Well actually I was just about to start that load (not yet happened) when I realized my numad process has already died:

● numad.service - numad - The NUMA daemon that manages application locality.
   Loaded: loaded (/lib/systemd/system/numad.service; enabled; vendor preset: enabled)
   Active: failed (Result: core-dump) since Mon 2019-06-17 06:12:31 UTC; 2min 23s ago
     Docs: man:numad
  Process: 119546 ExecStart=/usr/bin/numad $DAEMON_ARGS -i 15 (code=exited, status=0/SUCCESS)
 Main PID: 119547 (code=dumped, signal=SEGV)

Jun 17 06:00:28 dradis systemd[1]: Starting numad - The NUMA daemon that manages application locality....
Jun 17 06:00:28 dradis systemd[1]: Started numad - The NUMA daemon that manages application locality..
Jun 17 06:12:31 dradis systemd[1]: numad.service: Main process exited, code=dumped, status=11/SEGV
Jun 17 06:12:31 dradis systemd[1]: numad.service: Failed with result 'core-dump'.

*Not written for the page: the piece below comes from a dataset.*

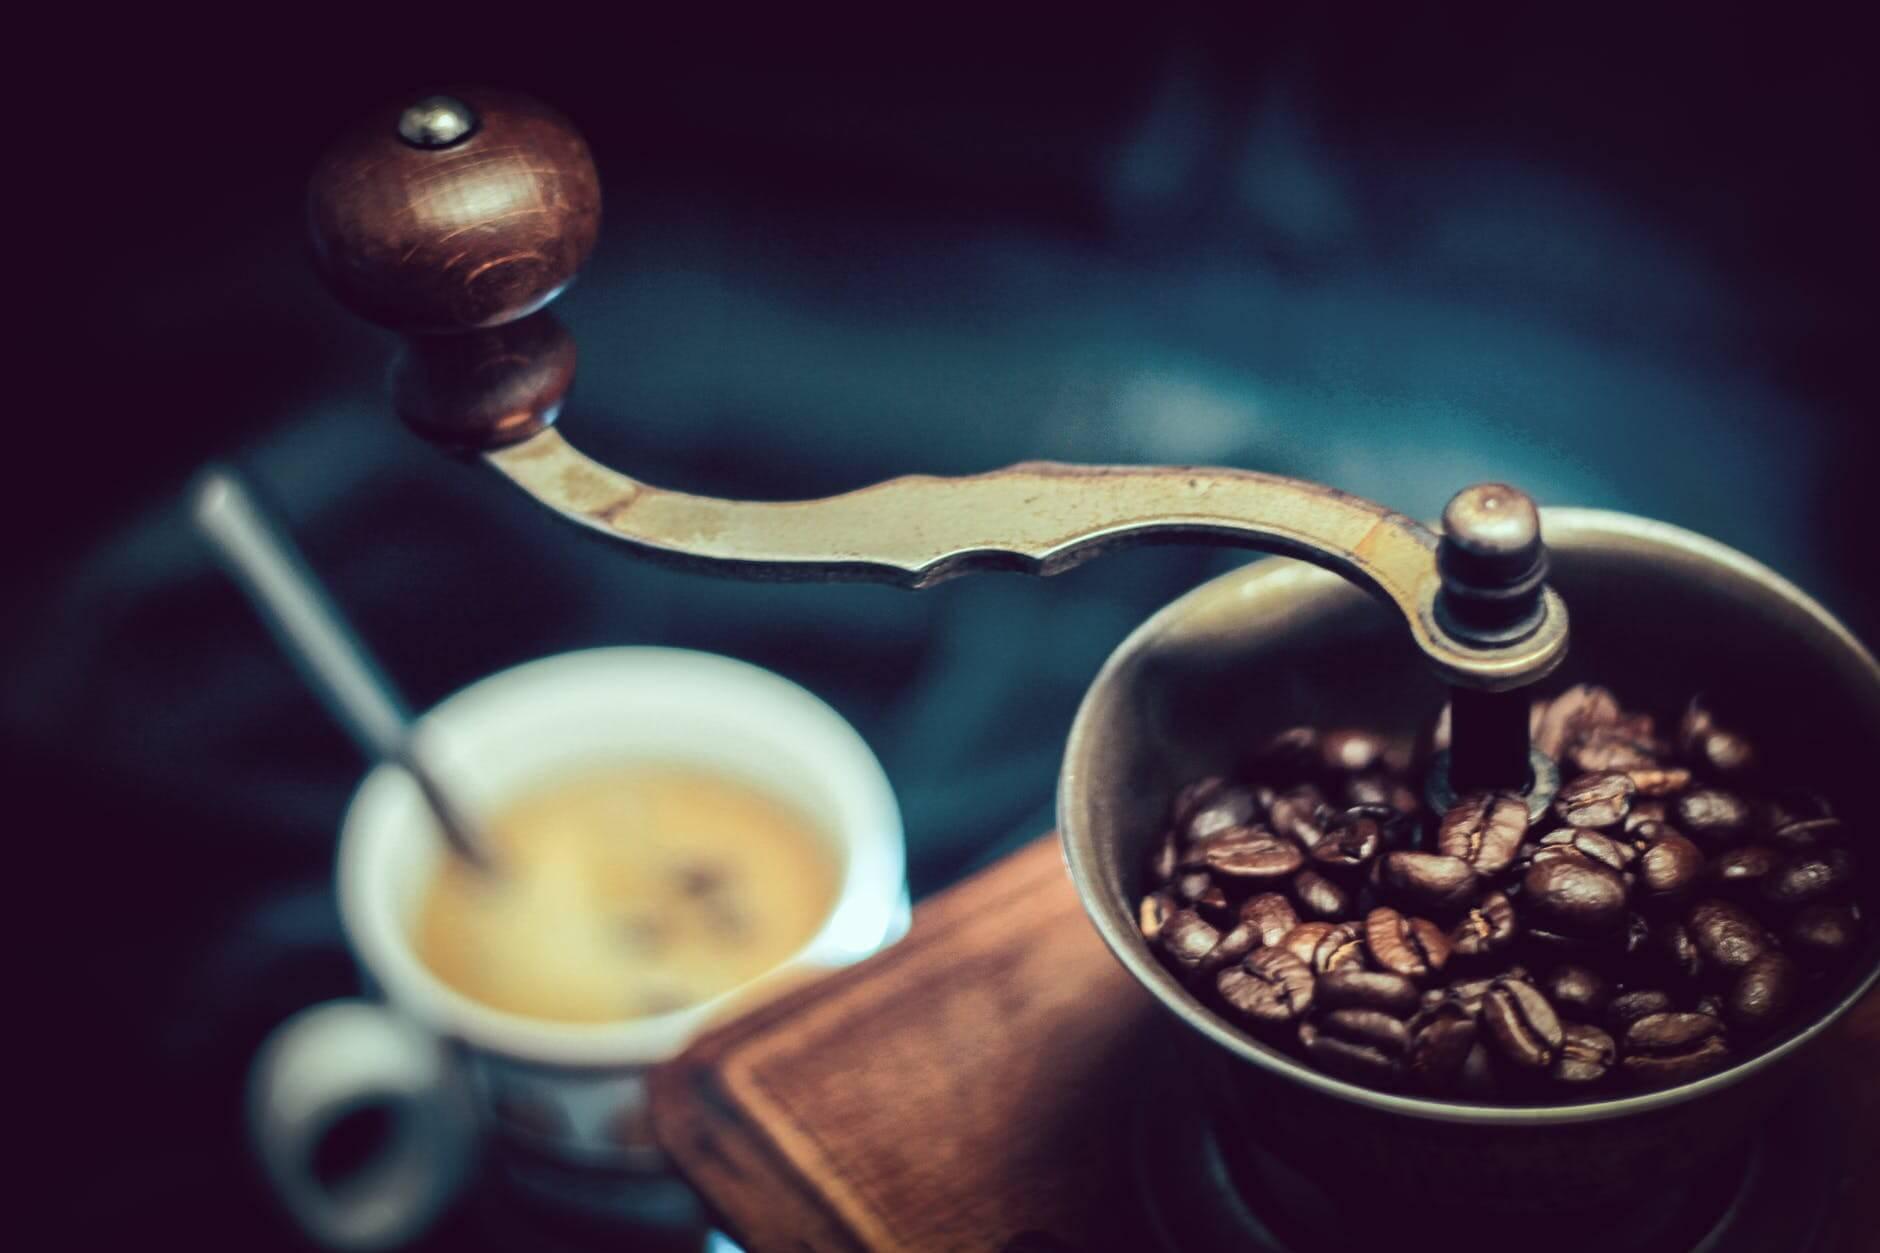 Kahve Öğütücü, Coffee Grinder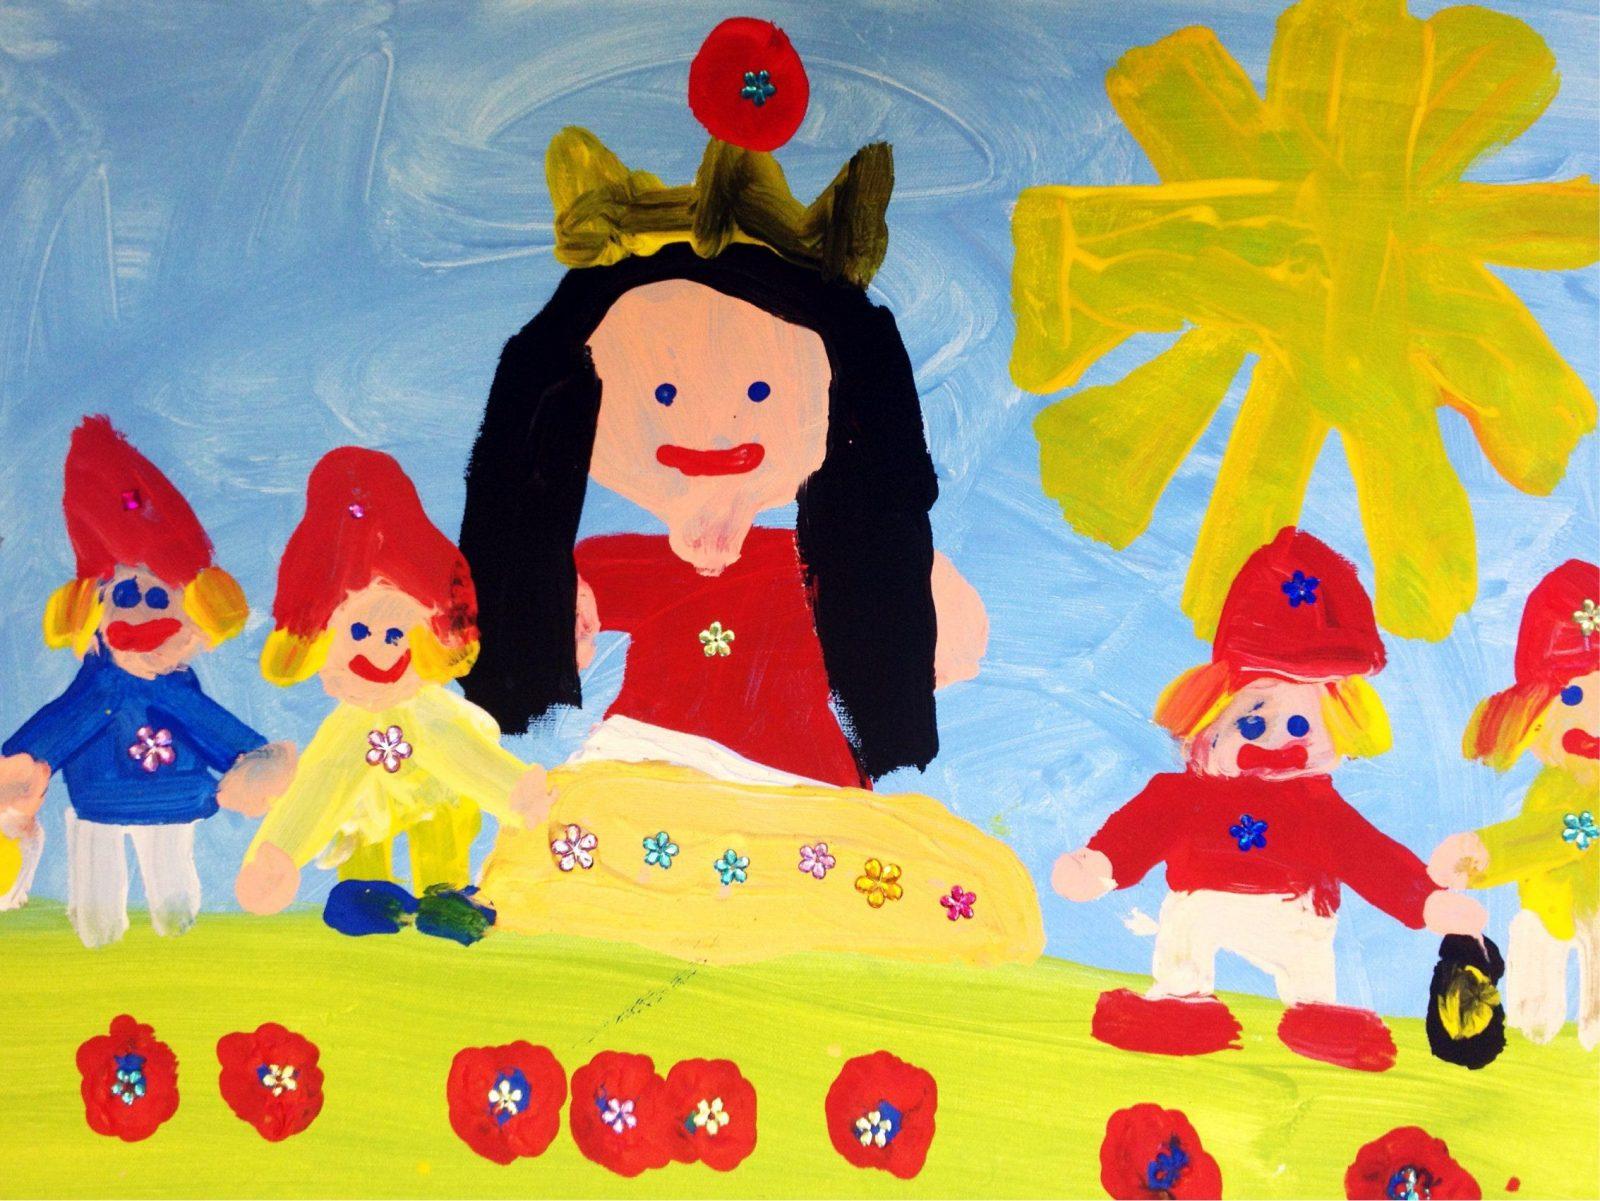 Stilvolle Bilder Kinderzimmer Selber Malen Bilder Fã R Kinderzimmer von Bilder Für Kinderzimmer Auf Leinwand Selber Malen Bild

So the mem-stress load might help to trigger it, but isn't necessarily required.
After restarting the numad daemon I started the guest load and got the crash again.

While I have no idea yet what exactly is going on lets set this to confirmed at least.

[1]: https://github.com/stressapptest/stressapptest

Initially had PID 119547 and no odd entries in the log.